Current UK government thinking is to let the global retailers provide. Their trust in that supply may be misplaced - but that's a whole new blog.

And Russian factory ships are hoovering up the herrings - red or otherwise!

Anonymous said...

"Quite simply, our population would starve."
Not so. Meat, and especially beef (even cattle milk) is not essential in great quantities for a healthy population, indeed we'd be healthier eating less meat - I'm not a veggie, btw. It is the carbohydrate staples (wheat, rice, potatoes etc ) that govern whether we starve or not, and one can argue that growing more food crops and fewer livestock (for home consumption, as in the past) is more efficient anyway and strategically more sensible.

An effective strategy for dealing with this problem has to be multi-faceted and prepared to break the moulds of (quite recently) established farming practice - as every other industry has had to do. Vaccines should be part of the approach, as is the need to reassess the wisdom of import/export of meat in general and the current market/business models and concepts in agriculture. There are alternatives; after all, unlike cattle and badgers, we have the capacity for creative problem-solving, if we are brave enough to do so. Change will be forced on us anyway, we can choose to be proactive or pessimistically reactive - the former is the harder, but happier, route.

Matthew said...

You're right anon: 8.38, when you say we "have the capacity for creative problem solving".
That would be 'we' as in the human race?

The governor on food production is a) space to grow it and b)water. Supply should be driven by demand for the product. But increasingly the demand for food of any sort, crops or animal protein is dictated by governments, and supply is limited by the two things I've mentioned above, combined with population increase + the commitment to bio fuels and industrial crops.

Disease status will always be used as a trading tool, and if reports of Cyprus's FMD problems v. imports of Brazilian/ S. A beef are correct, with good reason. With BTV, it is imperative to achieve reasonable success with the disesae (and to avoid trading implications) that vaccination occurs across the EU trading area, and extends into N. America.
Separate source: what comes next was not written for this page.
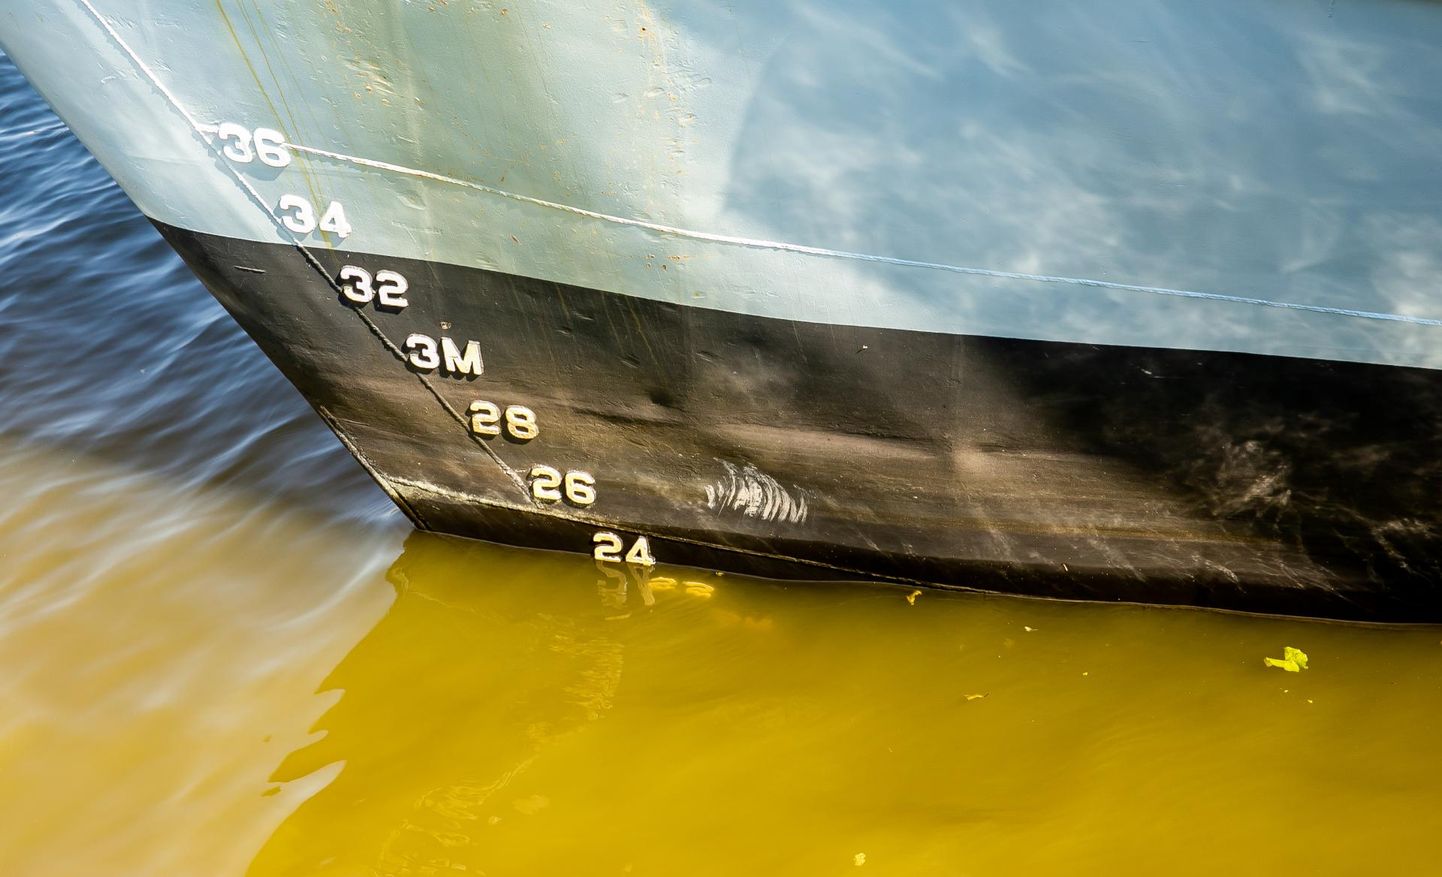 Яхта класса люкс Jade 959, ранее достигшая с Пярнуским портом договоренности о заходе на швартовку в четверг, отменила посещение эстонского города.

Vaccines will / are playing a more important role, but in the context of TB are not necessary for cattle, if the wildlife reservoir of the disease is controlled. I don't believe that continental Europe vaccinated it's population against rabies, but left feral sources?

We would support vaccinating badgers to try and control this disease before it becomes completely endemic in them, but from a comment on the post above, that too requires a cull of infected populations as a pre - requisite.

With a single species disease problem, it is possible to vaccinate out of trouble. But b.tuberculosis is multi species, with zoonotic implications, and a maintenance reservoir in badgers.

The 'non-strategy' coming from the 'creative problem solvers' - in this case government, amounts to an annual cull of sentinels.